Written by Jim the Realtor

July 21, 2022

The reason for breaking down the active and pending listings by zip code is to give the readers a closer look at their neighborhood stats.

In the recent years prior to the pandemic, the actives/pendings in Rancho Santa Fe ran at a 10:1 pace.  Nobody is in a hurry there, they don’t have to sell, and they’re not going to give it away.  Those days appear to be coming back.

The median list price of those RSF actives is $5,995,000 – is anyone going to feel sorry for them? Probably not. Does it reflect what is going on in the rest of the area? Not really – the other areas are mostly around a 2:1 ratio (except La Jolla) which has been our standard for a healthy market and pretty good, all considered.

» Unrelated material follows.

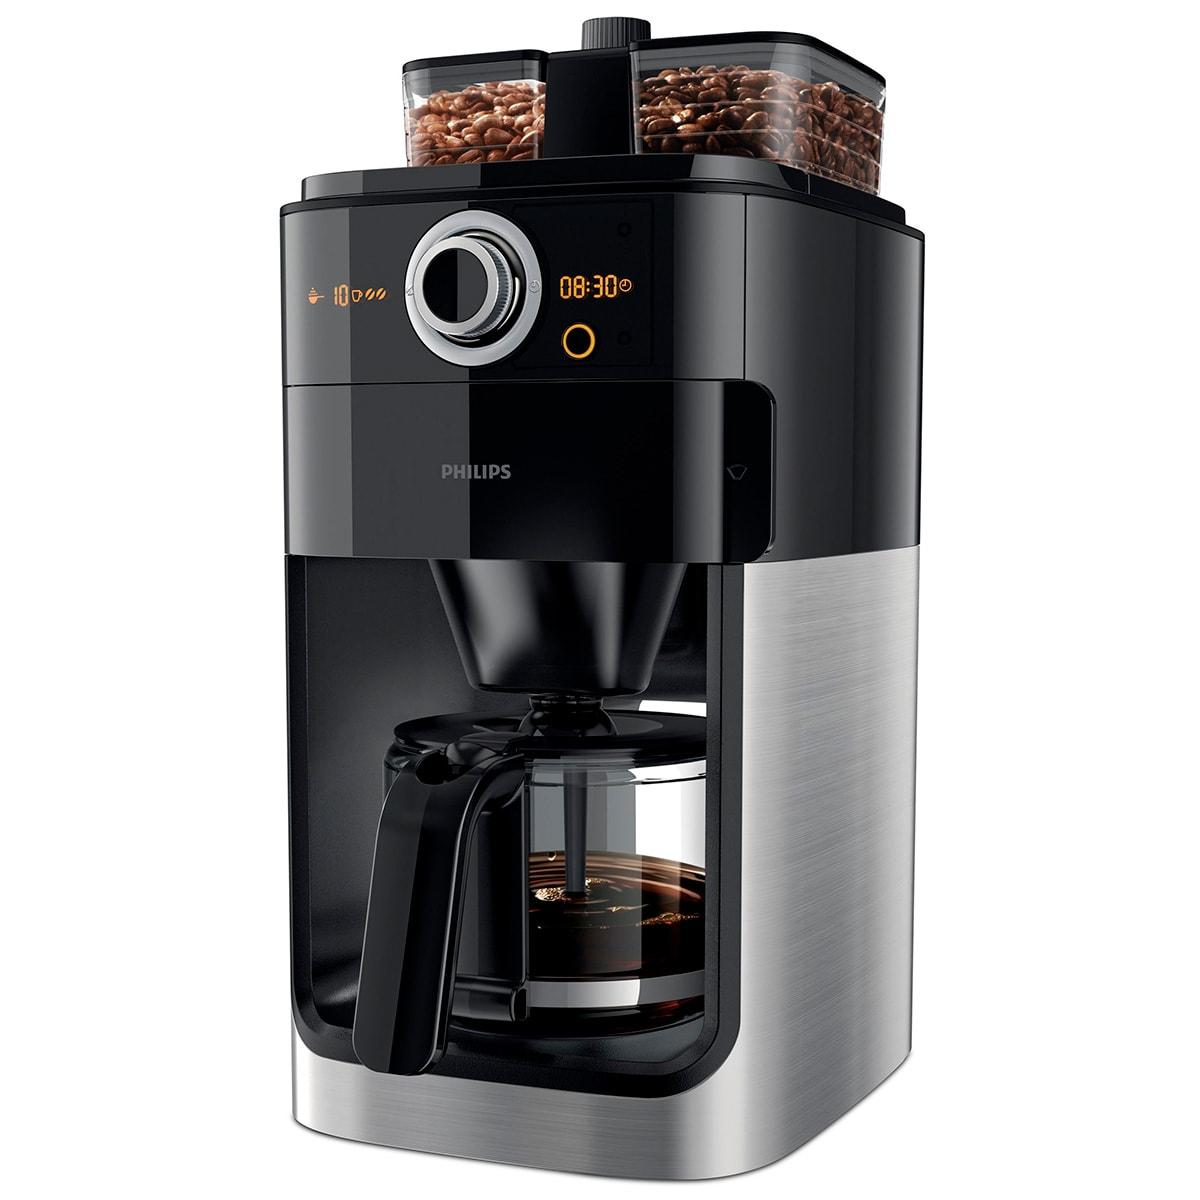 Med integreret kaffekværn og todelt beholder til kaffebønner
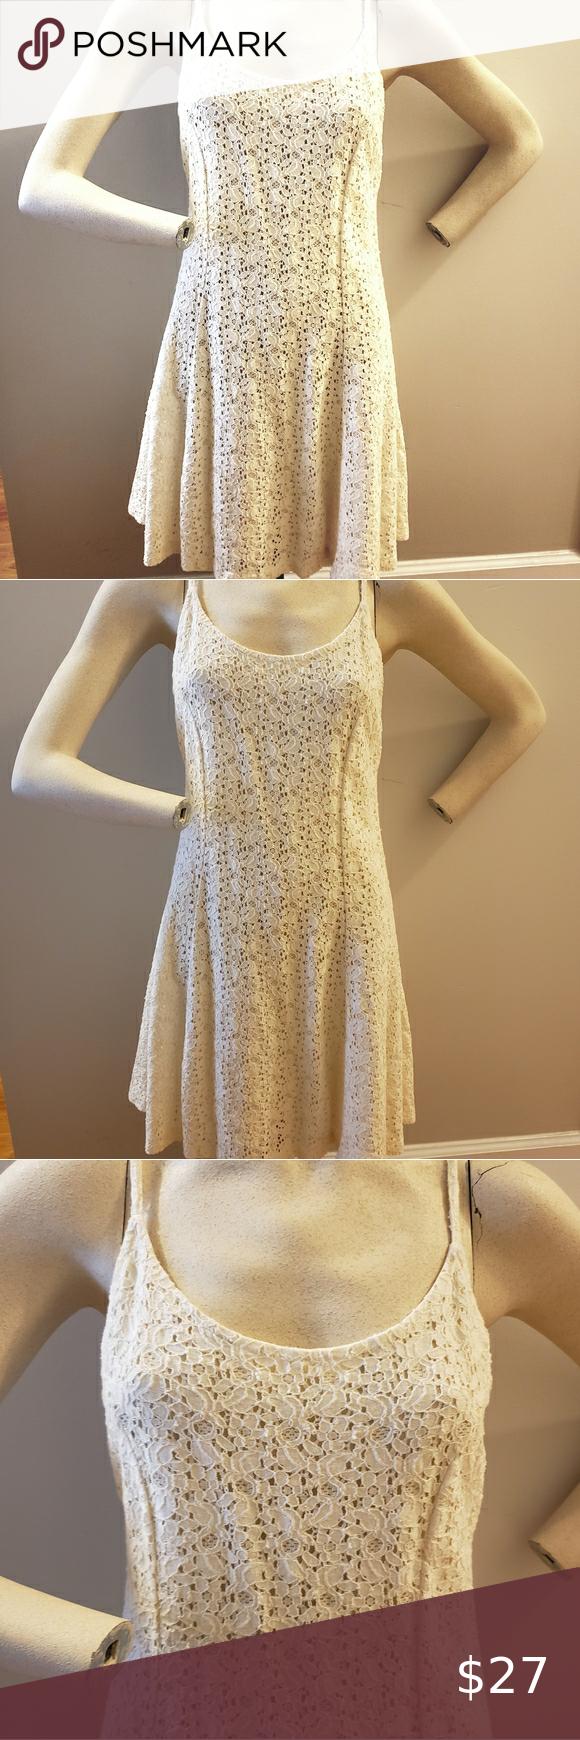 Vintage 90s Cream White Lace Skater Dress S White Lace Skater Dress Lace Skater Dress Skater Dress [ 1740 x 580 Pixel ]

In 2020, we had 400+ pendings from June 22nd to November 30th – with a peak of 491 pendings on September 7, 2020.

1 Comment

  1. Jim the Realtor

    Rates are at 2-week lows:

    https://www.mortgagenewsdaily.com/markets/mortgage-rates-07212022

    NOTE: rate quotes are all over the map right now, and one key reason is the outsized value of discount points in the current market. For example, during more normal times, you might see two equivalent loan quotes (2 options from the same lender) where one option has one discount point in exchange for a 0.25% lower rate. At present, however, that discount point can buy 0.5% to 0.625% in rate.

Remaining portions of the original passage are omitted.